В заключение этапа и как призыв к эмоциональной умеренности: румынскую идентичность, так сказать, можно проживать с радостью, не превращаясь в критерий превосходства, подобно тому как православие можно исповедовать, не превращаясь в избирательную программу, что, симметрично сказанному выше, позволяет любить Традицию, не превращаясь в свидетельство непогрешимости, и защищать суверенитет как политический принцип, не превращаясь в национальную метафизику. Остальное — не от Господа, как сказал бы Евагрий, а от других, которые, стремясь к власти, истощают последние ресурсы человечности и естественности.

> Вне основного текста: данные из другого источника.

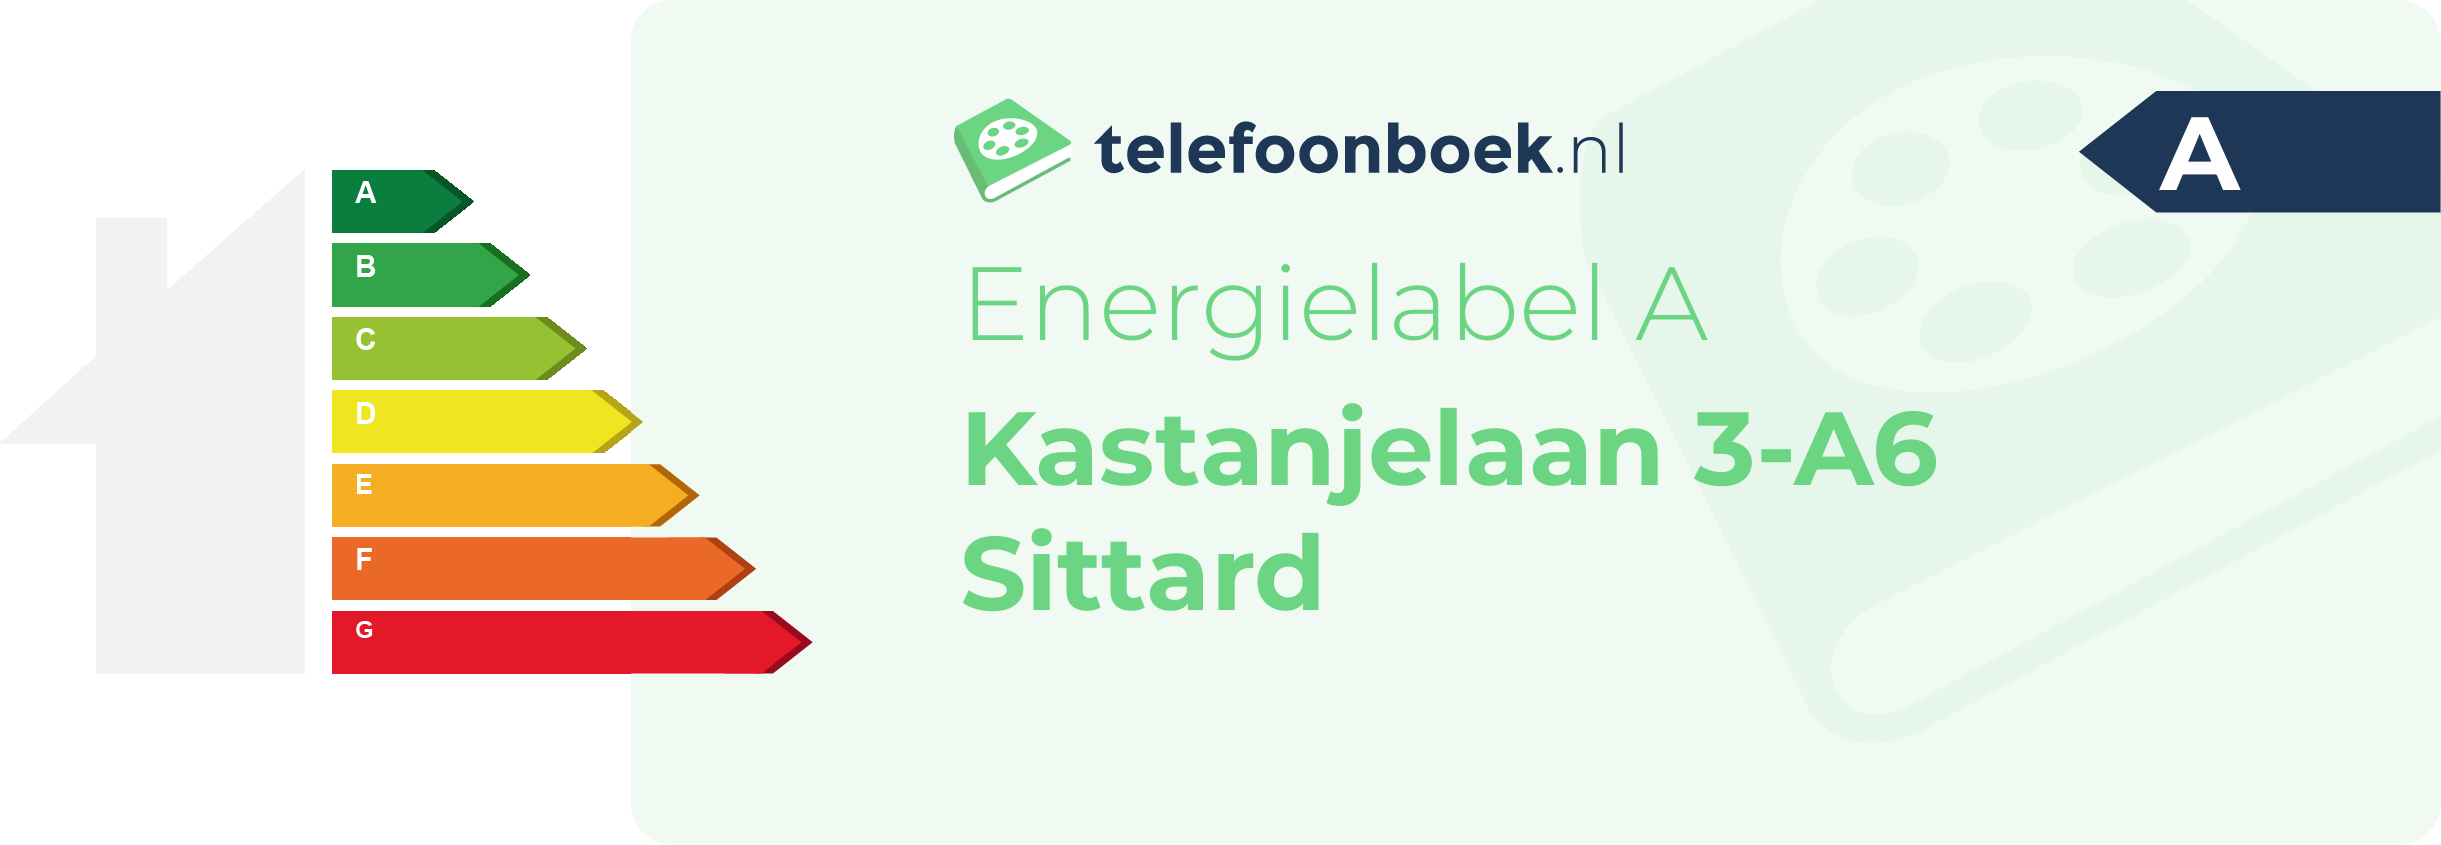 Energielabel Kastanjelaan 3-A6 Sittard

Вот почему одна из самых конкретных обязанностей Церкви в румынском обществе — санкционировать притворство в политике, прикрывающееся апостольством, которое никому не поручено. Речь, конечно, идёт не о самой политике, потому что христианин не может жить за пределами города, а о её религиозной фальсификации, которую я анализировал в предыдущем тексте. В том тексте, напомню, я ясно говорил, что у священнослужителя, как у гражданина, может быть политический выбор, но алтарь не может стать избирательной трибуной, а облачение не может служить свидетельством подлинности идеологии. Церкви не позволено наделять сверхъестественной легитимностью человеческие интересы только потому, что они научились говорить о Боге, нации, традиции и суверенитете.
В конце концов, именно так подтверждается и свобода Церкви: не в способности благословлять власть, а в способности сказать «нет», когда власть требует благословения вместо истины. В этом также заключается решение социально-теологического блага, которое мы ищем. Не новая христианская политическая программа, не контр-идеология, не человек, ниспосланный провидением, и не Церковь, превратившаяся в резервную партию, а люди, духовенство и миряне, способные изменить ситуацию. Только таким образом, я убежден, мы в конечном итоге станем свидетелями в своей жизни долгожданного превращения добра из события, исключения, в состояние нормы, повседневной жизни. Да, это будет полезно знать, в том числе и другим.
Докса!
P.S. Эти тексты, естественно, будут включены в том, который сейчас готовится.